Terlepas dari berbagai kekurangan
yang ada, menyikapi uu 22/99 dgn balik ba nagari merupakan kecerdasan sendiri
bagi Minangkabau. Kalo saat ini masih centang parenang, menurutku itu hal yang
wajar. Sudah 20 th masyarakat minang yang sudah memiliki budaya organisasi
pemerintahan dipaksa oleh UU untuk tunduk meninggalkan budayanya, kini belik
lagi. Wajarlah kalo kini ribut dan saling berargumen berebut bener tentang
sistem pemerintahan nagari. Tapi aku yakin akan segera tiba bola akan berputar
pada porosnya.
Nah.... akan lebih sip acara
kawan-kawan di jogya nanti juga mbahas seputar pemerintahan nagari. Yang
kucermati saat ini, masih banyak pemerintahan nagari yang belum tahu apa saja
aset yang dimliki yang dapat dikelola menjadi sumber pendapatan nagari. Sekedar
tahu emang iya, tapi tahu dengan ukuran yang jelas masih belum. Misalnya, satu
nagari berapa luas wilayahnya, dimana batasnya, parak pisangnya ada berapo
laweh, ulayat kaum caniago dimana. berapa laweh, berbatasan dengan tanah
siapa, dan apa saja isinya........dst..dst.... sampe kini alun ado peta wilayah
apolai peta tematik spt tataguno lahan dsb. Padahal dengan m,emiliki data ini
nagari akan lebih konkrit buek rencana pengelolaan yang akhirnyo bisa jadi
pendapatan nagari yang otonomi itu.... Sampai kini untuk biaya pengelolaan nagari yang katanya
OTONOM sebagian buuuesar pakai DAUN (dana alokasi untuk
nagari)
Selama periode 2003, sebagian besar
nagari sibuk bikin PERNA (Peraturan nagari), dan ini emang ada pelatihannya dari
pemkab. Padahal secara adat, masyarakat kan sudah punya aturan (biarpun tak
tertulis). Tentang perna ini ada kekuatiranku, karena pola pikir legalistik ini
akan mengikis nilai-nilai adat minangkabau. Ada perna yang secara detail ngatur
tentang larangan berselingkuh, adolai tentang atasi pertengkaran..dll..dll.
Padahal ini adat kan sudah mengatur hal ini termasuk siapa-siapa yang memilki
kewajiban dan berwenang menagani, lengkap dengan caranya. Bicara tentang low
enforcement dari perna ini, bisa jadi overlapping kewenangan antara adat dan
pemerintah. Terus akhirnya saling menyalahkan dan persoalan tak
selesai...ujung-ujungnya Pengadilan Negeri. Habislah peran adat.

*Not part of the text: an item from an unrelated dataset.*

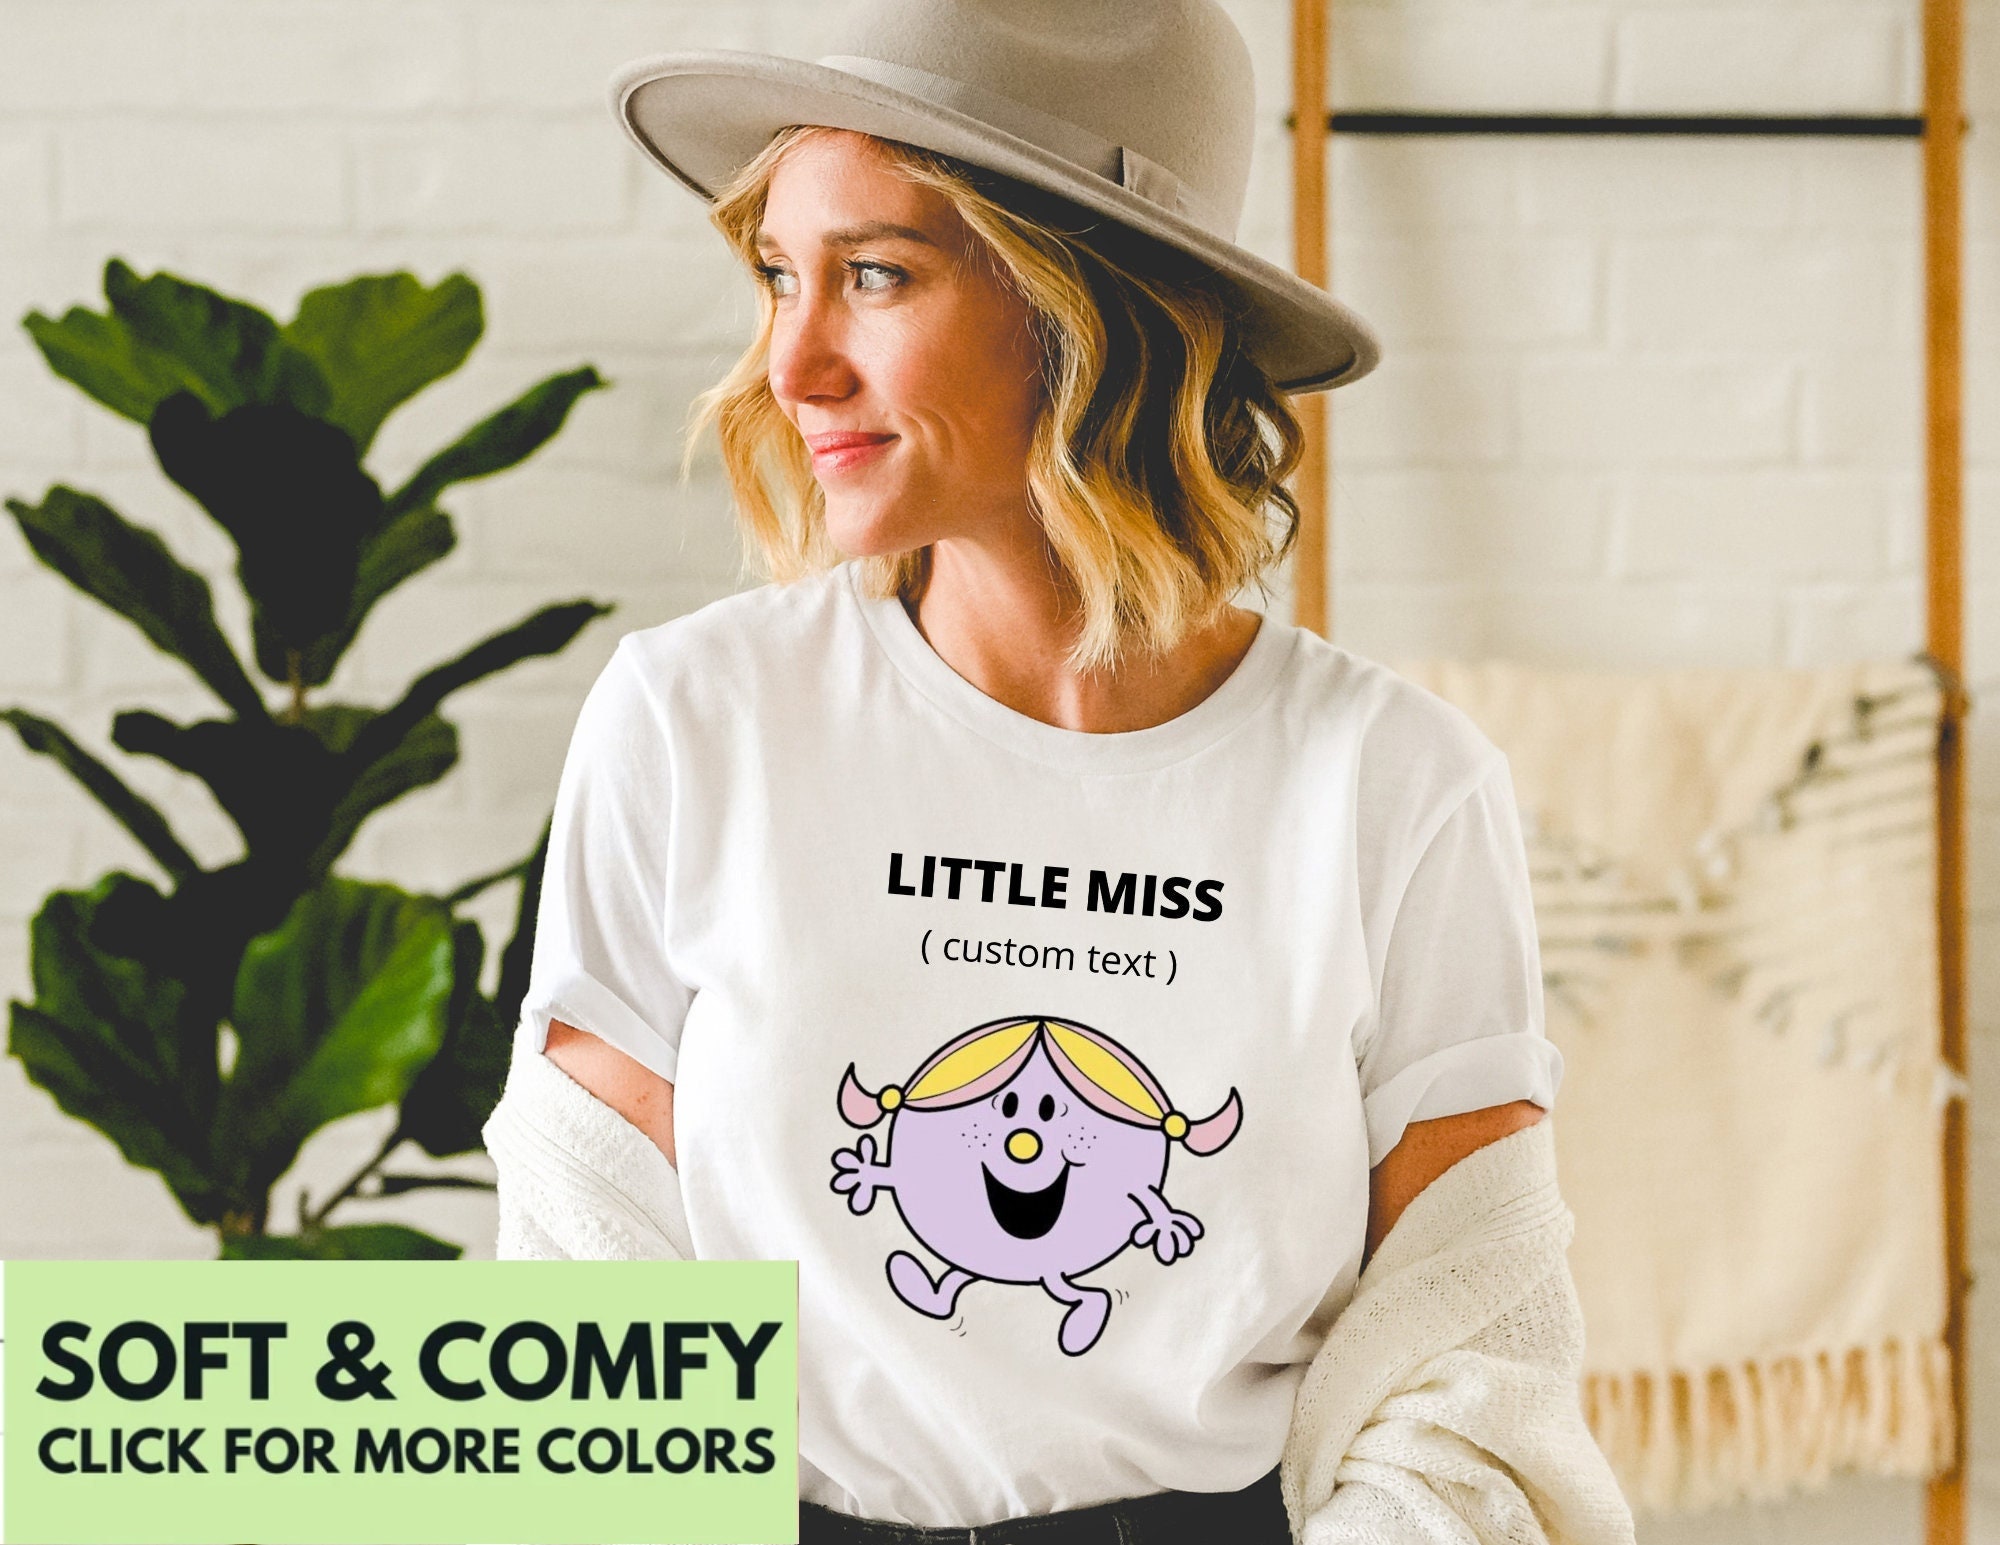 Discover Custom Shirt, Little Miss Shirt, Little Miss Custom Shirt, Mr. Men Inspired Shirt

Disisi lain, jika nagari bener-bener
menjadi nagari yang Minangkabau (bukan sekedar nama pengganti desa), maka
otonomi akan segera terjadi. Demikian dengan sistem dan aturan nagari jika tidak
menghilangkan ruh minangkabau, maka tatanan sosial akan semakin
membaik. Nagari yang otonom pada tahapannya akan mendorong pemkab yang
bener. Korupsi dll akan bisa diatasi hanya dari masyrakat nagari. Tak
bakal korupsi dan low enforcement jalan jika masyarakat dan
pemerintahan nagari masih centang parenang.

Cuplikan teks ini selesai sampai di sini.